Illustration from the 18th-century Chinese book Gujin Tushu Jicheng, showing caltrops with spikes that stick in the ground

The caltrop was called tribulus by the ancient Romans, or sometimes murex ferreus, the latter meaning "jagged iron" (literally "iron spiny snail-shell"). The former term derives from the ancient Greek word tribolos meaning three spikes.

The late Roman writer Vegetius, referring in his work De re militari to scythed chariots, wrote:

The armed chariots used in war by Antiochus and Mithridates at first terrified the Romans, but they afterwards made a jest of them. As a chariot of this sort does not always meet with plain and level ground, the least obstruction stops it. And if one of the horses be either killed or wounded, it falls into the enemy's hands. The Roman soldiers rendered them useless chiefly by the following contrivance: at the instant the engagement began, they strewed the field of battle with caltrops, and the horses that drew the chariots, running full speed on them, were infallibly destroyed. A caltrop is a device composed of four spikes or points arranged so that in whatever manner it is thrown on the ground, it rests on three and presents the fourth upright.

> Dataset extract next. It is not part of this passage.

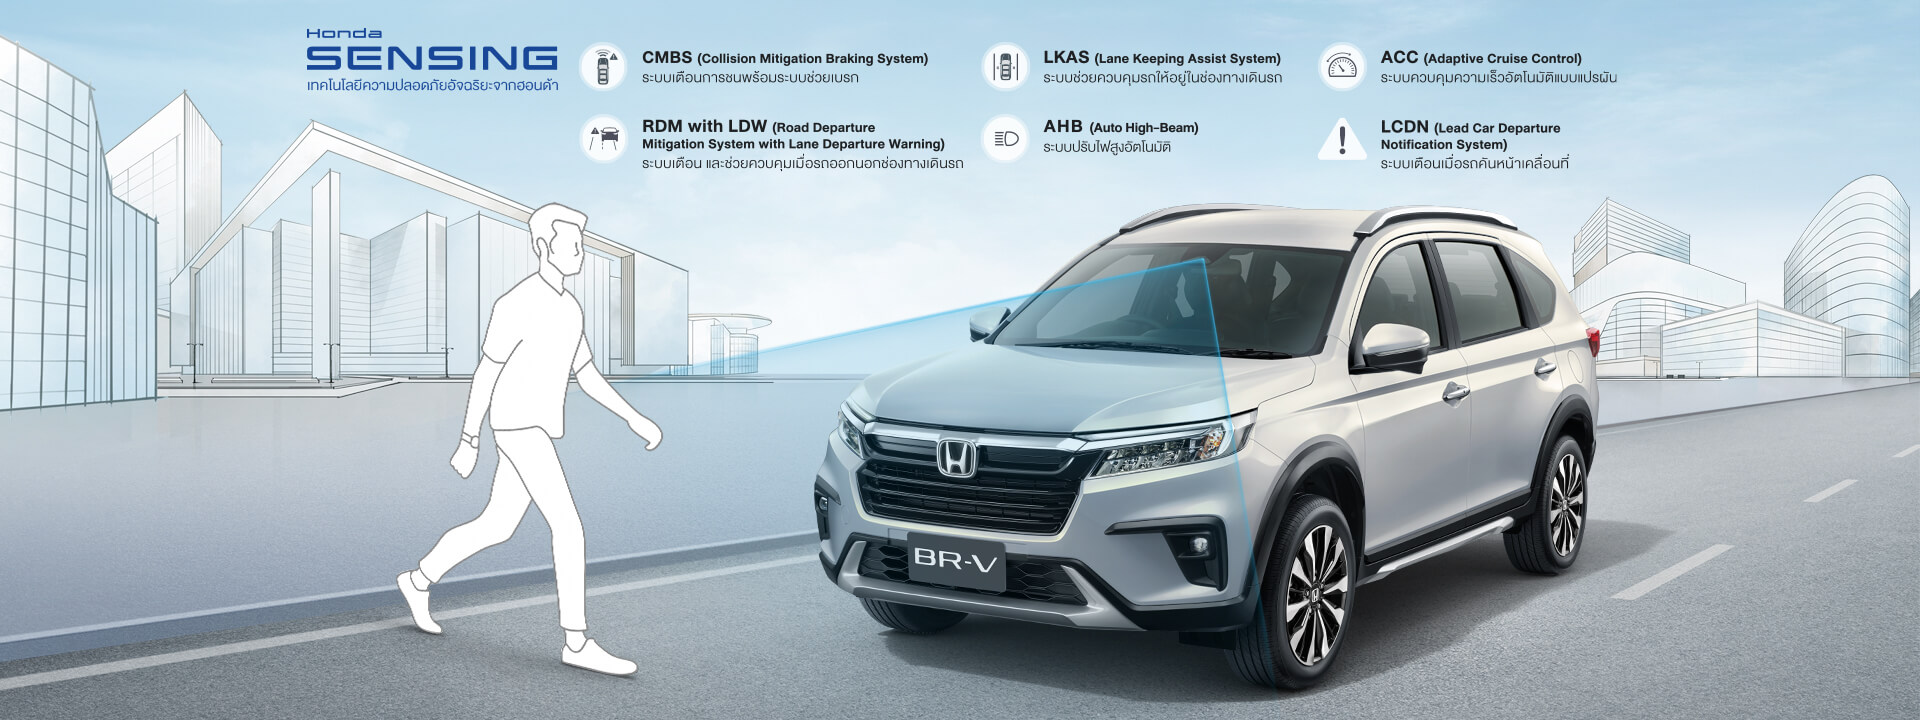 Honda SENSING เทคโนโลยีความปลอดภัยอัจฉริยะจากฮอนด้า มีใน All-new Honda BR-V ทุกรุ่นย่อย

Another example of the use of caltrops was found in Jamestown, Virginia, in the United States:

Undoubtedly the most unusual weapon or military device surviving from seventeenth-century Virginia is known as a caltrop, a single example of which has been found at Jamestown. It amounts to a widely spread iron tripod about three inches long with another leg sticking vertically upward, so that however you throw it down, one spike always sticks up. ... The fact that only one has been found would seem to suggest that they were used little, if at all. As with all military equipment designed for European wars, the caltrop's presence in Virginia must be considered in the light of possible attacks by the Spaniards as well as assaults from the Indians.

In China, caltrop is called Jili(蒺藜) and comes in different shapes and materials. It is thrown on the ground to stop people and horses, and sometimes it is coated with poison. Some styles are also called Jizhuading(雞爪釘) because they resemble chicken claws.

The Japanese version of the caltrop is called makibishi. Makibishi were sharp spiked objects that were used in feudal Japan to slow pursuers and also were used in the defence of samurai fortifications. Iron makibishi were called tetsubishi, while the makibishi made from the dried seed pod of the water caltrop, or water chestnut (genus Trapa), formed a natural type of makibashi called tennenbishi. Both types of makibishi could penetrate the thin soles of shoes, such as the waraji sandals, which were commonly worn in feudal Japan.

As a protective measure and countermeasure, European late medieval military engineers proposed iron soles that could be strapped under shoes like pattens to protect the feet from hidden traps.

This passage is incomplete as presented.